Whenever an image turns up, omit it and return the remaining data exactly.

***** GIVEN MATERIAL

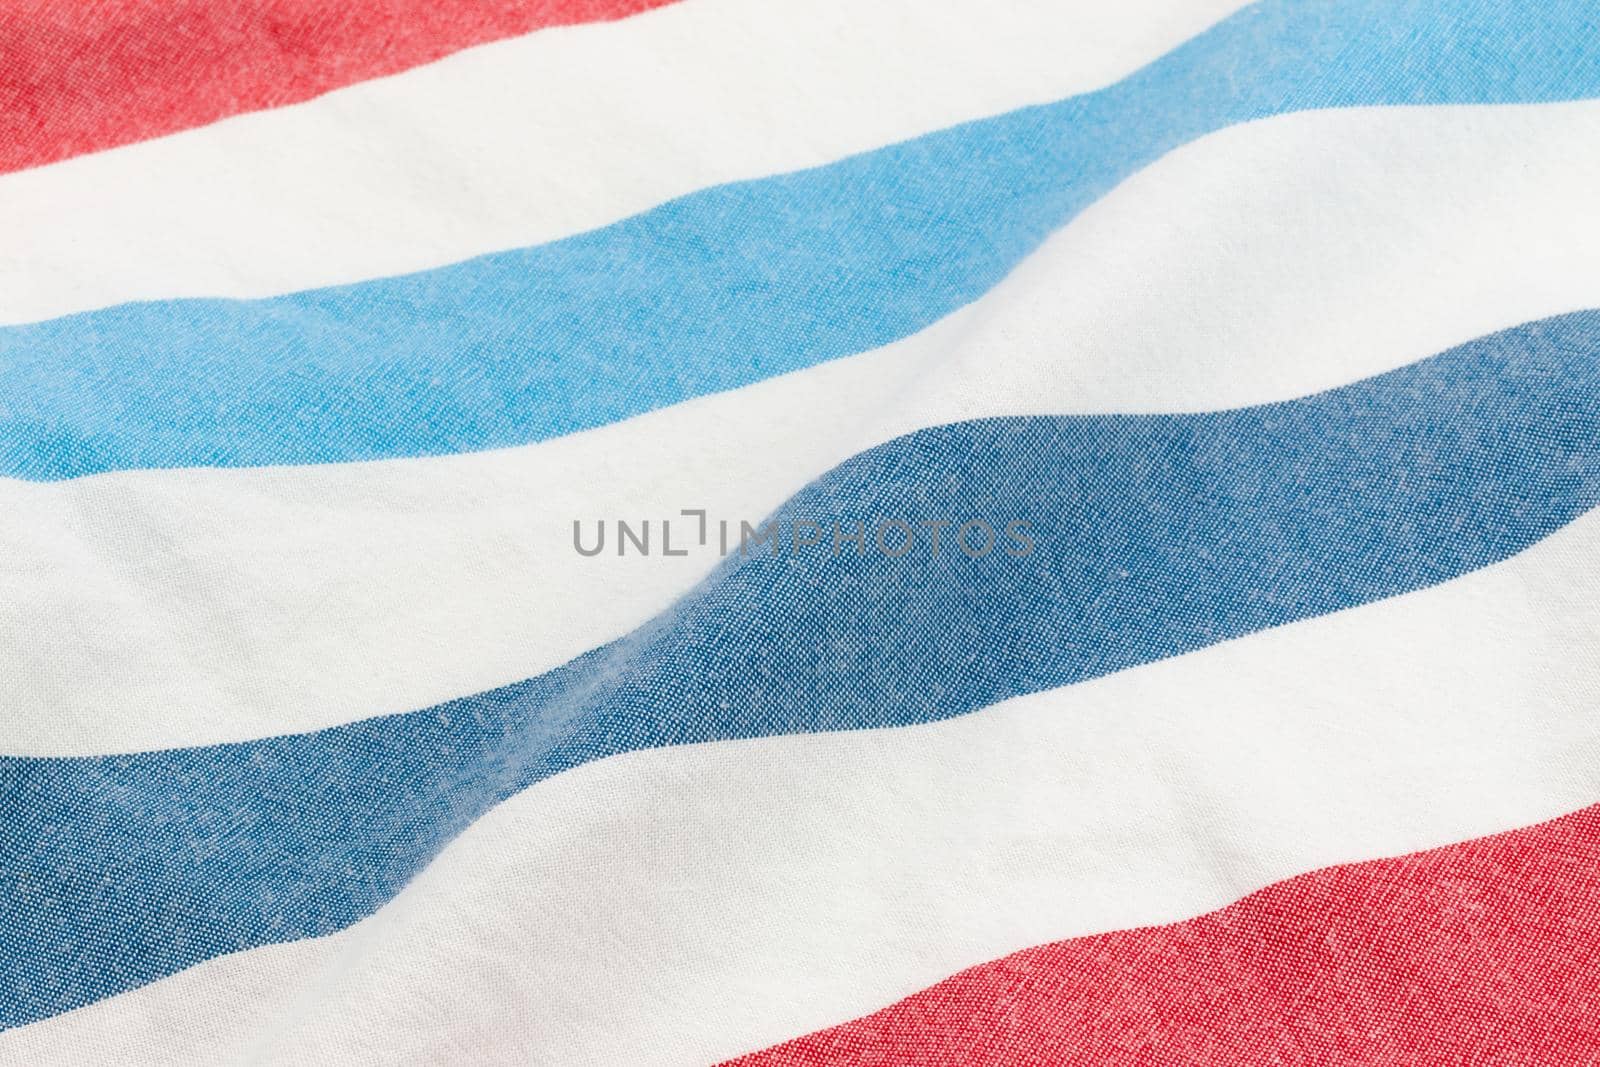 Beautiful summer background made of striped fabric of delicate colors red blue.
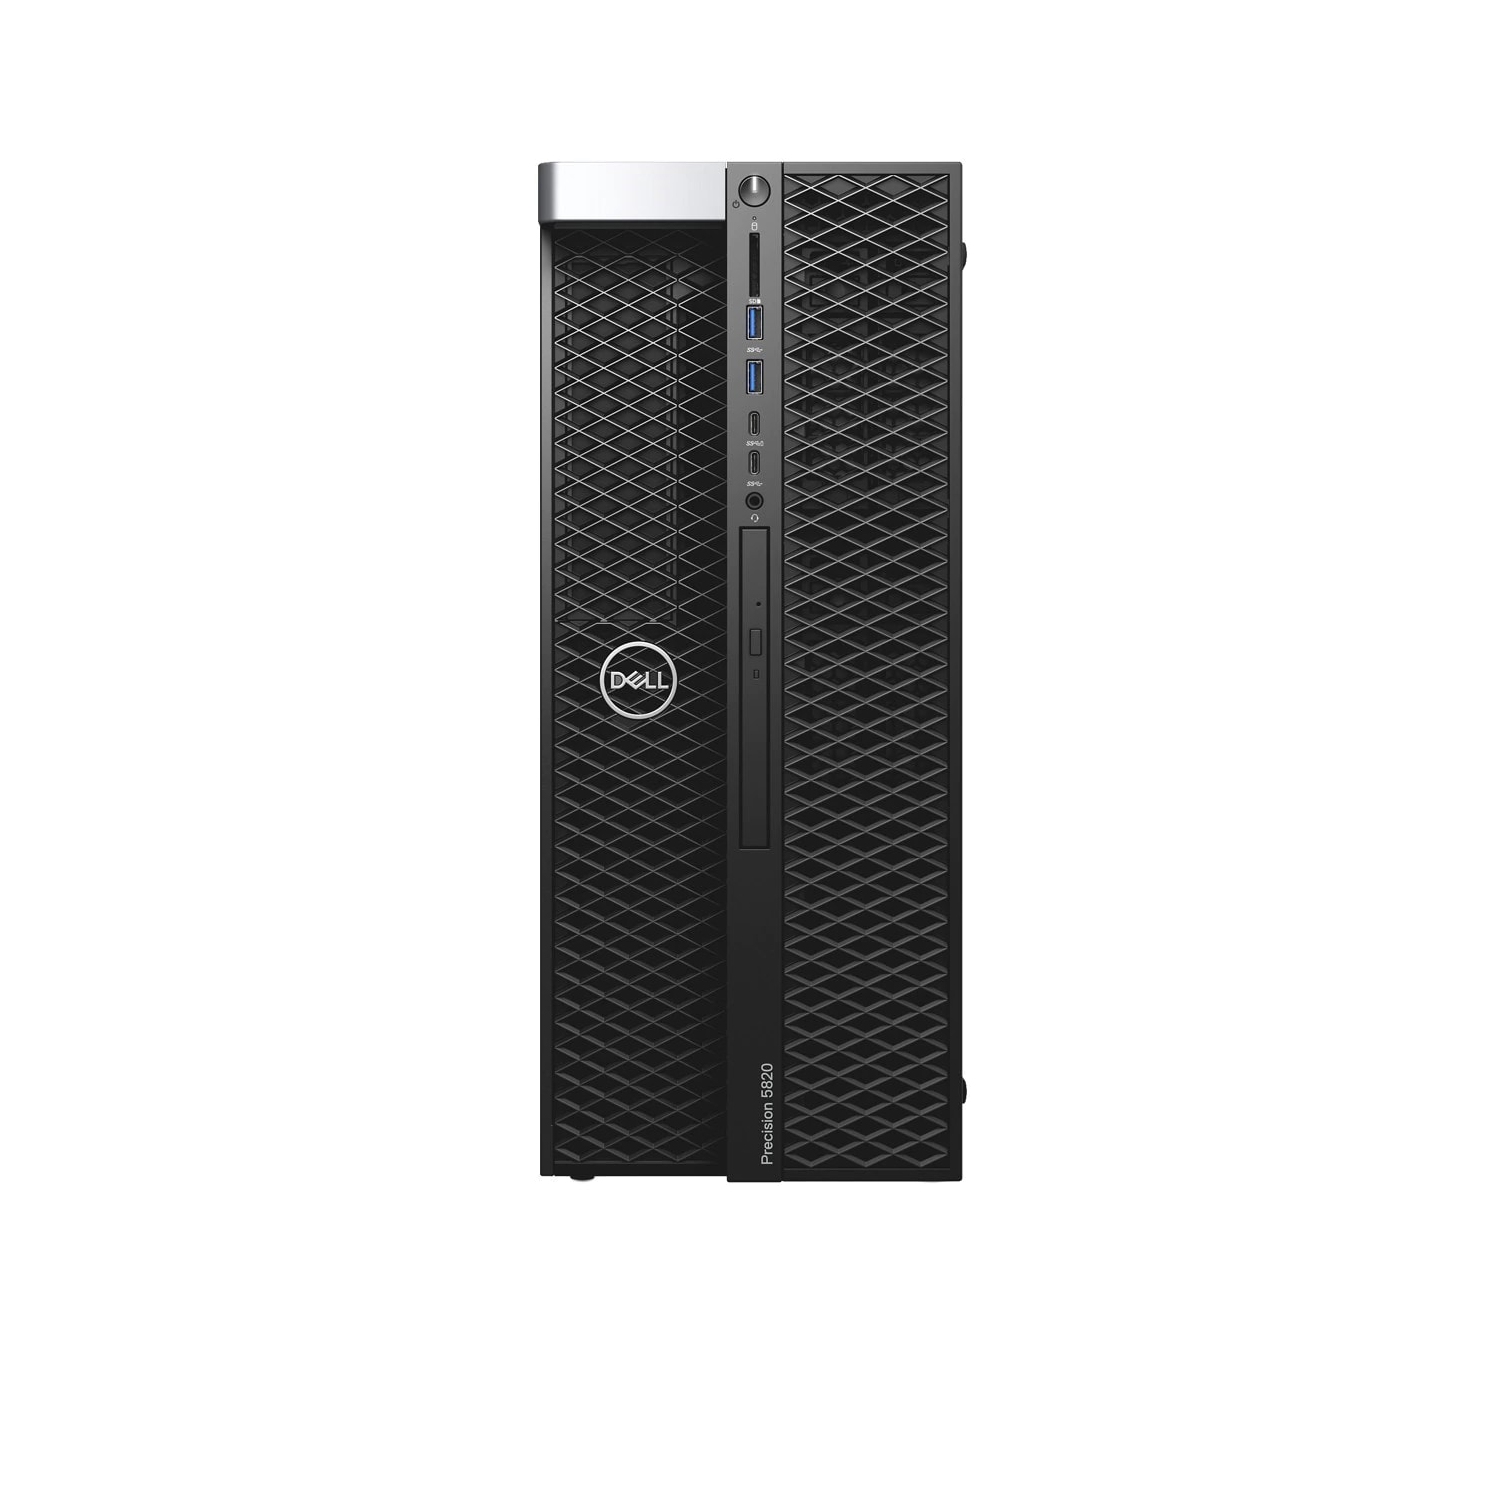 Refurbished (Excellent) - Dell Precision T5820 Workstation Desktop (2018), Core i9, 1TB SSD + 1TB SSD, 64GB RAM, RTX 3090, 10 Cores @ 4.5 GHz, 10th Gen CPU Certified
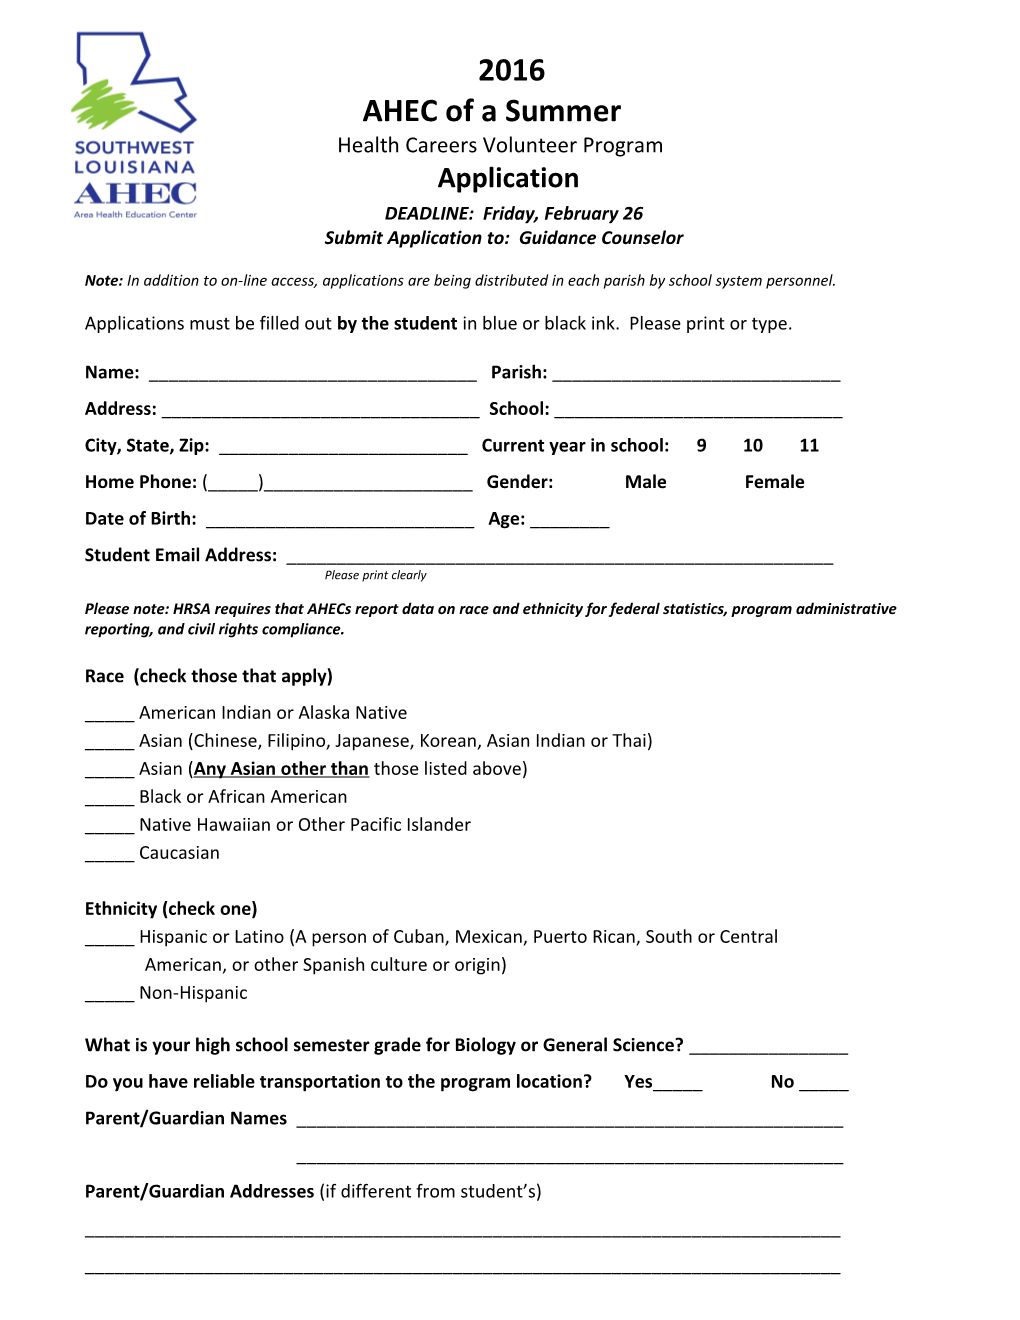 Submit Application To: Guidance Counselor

**********

- [RESULT]:
 Beautiful summer background made of striped fabric of delicate colors red blue.
 Refurbished (Excellent) - Dell Precision T5820 Workstation Desktop (2018), Core i9, 1TB SSD + 1TB SSD, 64GB RAM, RTX 3090, 10 Cores @ 4.5 GHz, 10th Gen CPU Certified
 Submit Application To: Guidance Counselor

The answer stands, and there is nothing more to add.